Так или иначе, я решила постараться наладить отношения с Полом. Начну с того, что попытаюсь убедить его прийти обедать домой сегодня вечером, а не работать допоздна. Я не собираюсь обращаться к кулинарным книгам Рейчел, даже смотреть на них больше не хочу, чтобы не чувствовать себя вторгшейся на чужую территорию, но приготовлю жареного цыпленка, такого, как делала мама для нас двоих воскресными вечерами. Она всегда добавляла много лимонного сока, и лавровый лист, и тимьян из сада, а зимой пекла также яблочный пирог, и мы говорили о книгах, которые я читала, о "Волках из Уиллоуби-Чейз" и "Грозовом перевале". Я содрогалась, думая о призраке Кэти, который стучит в окно и кричит: "Впустите меня! Впустите меня!" - но знала, что мне ничто не угрожает: я в безопасности, в своем доме с мамой.

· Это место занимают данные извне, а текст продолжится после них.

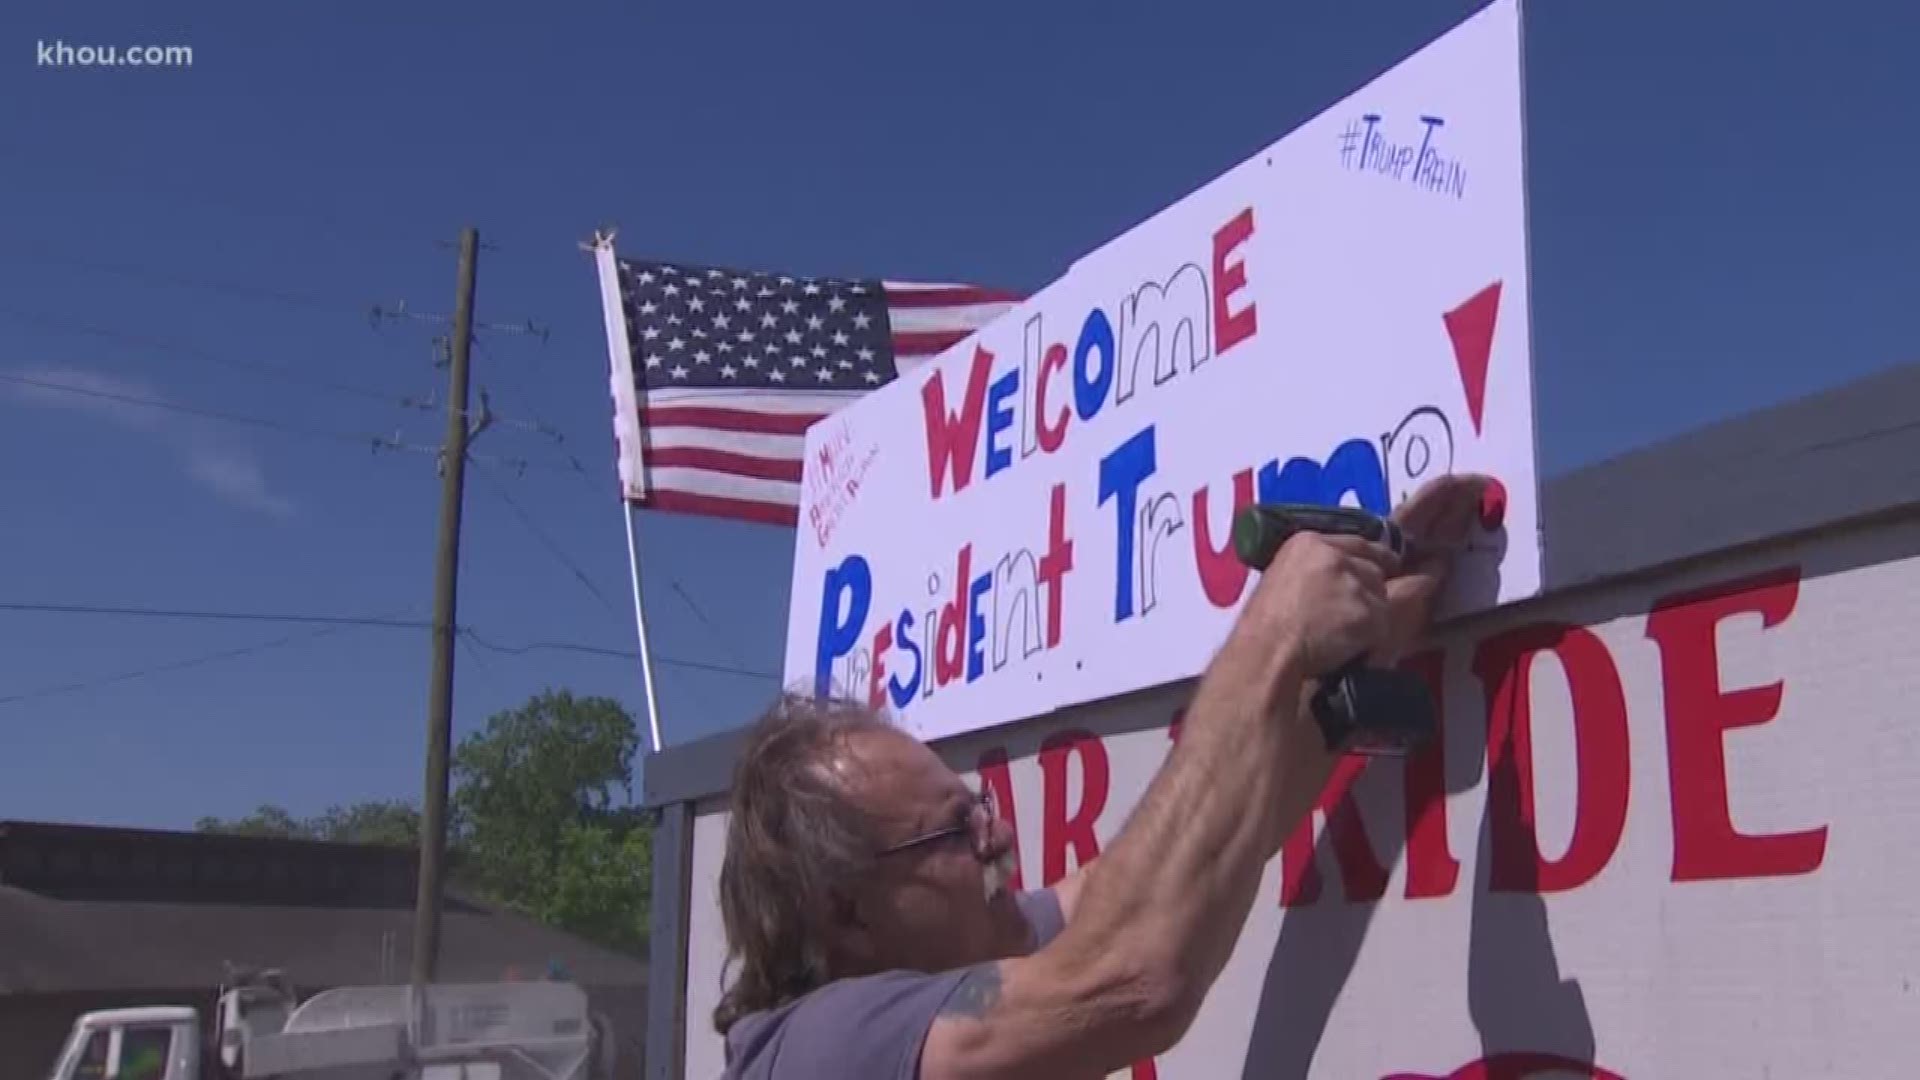 Residents in the small city of Crosby were gearing up early for the historic presidential visit.

Не знаю, о чем мы будем говорить с Полом: он ясно дает мне понять, что не любит, когда я спрашиваю, почему он так долго задерживается на работе, и я не могу упоминать о Дафне, вообще не должна больше с ним о ней разговаривать. В последний раз, когда я сделала это, он ужасно рассердился: сказал, что я превращаюсь в сумасшедшую фанатку Дюморье, теряю связь с реальностью, да и с ним тоже. Не думаю, что это правда, - ведь его, а не меня почти не бывает дома. Но я не хочу с ним больше спорить: не выношу, когда люди кричат друг на друга, при этом не слышат слов, а лишь издают сердитые звуки.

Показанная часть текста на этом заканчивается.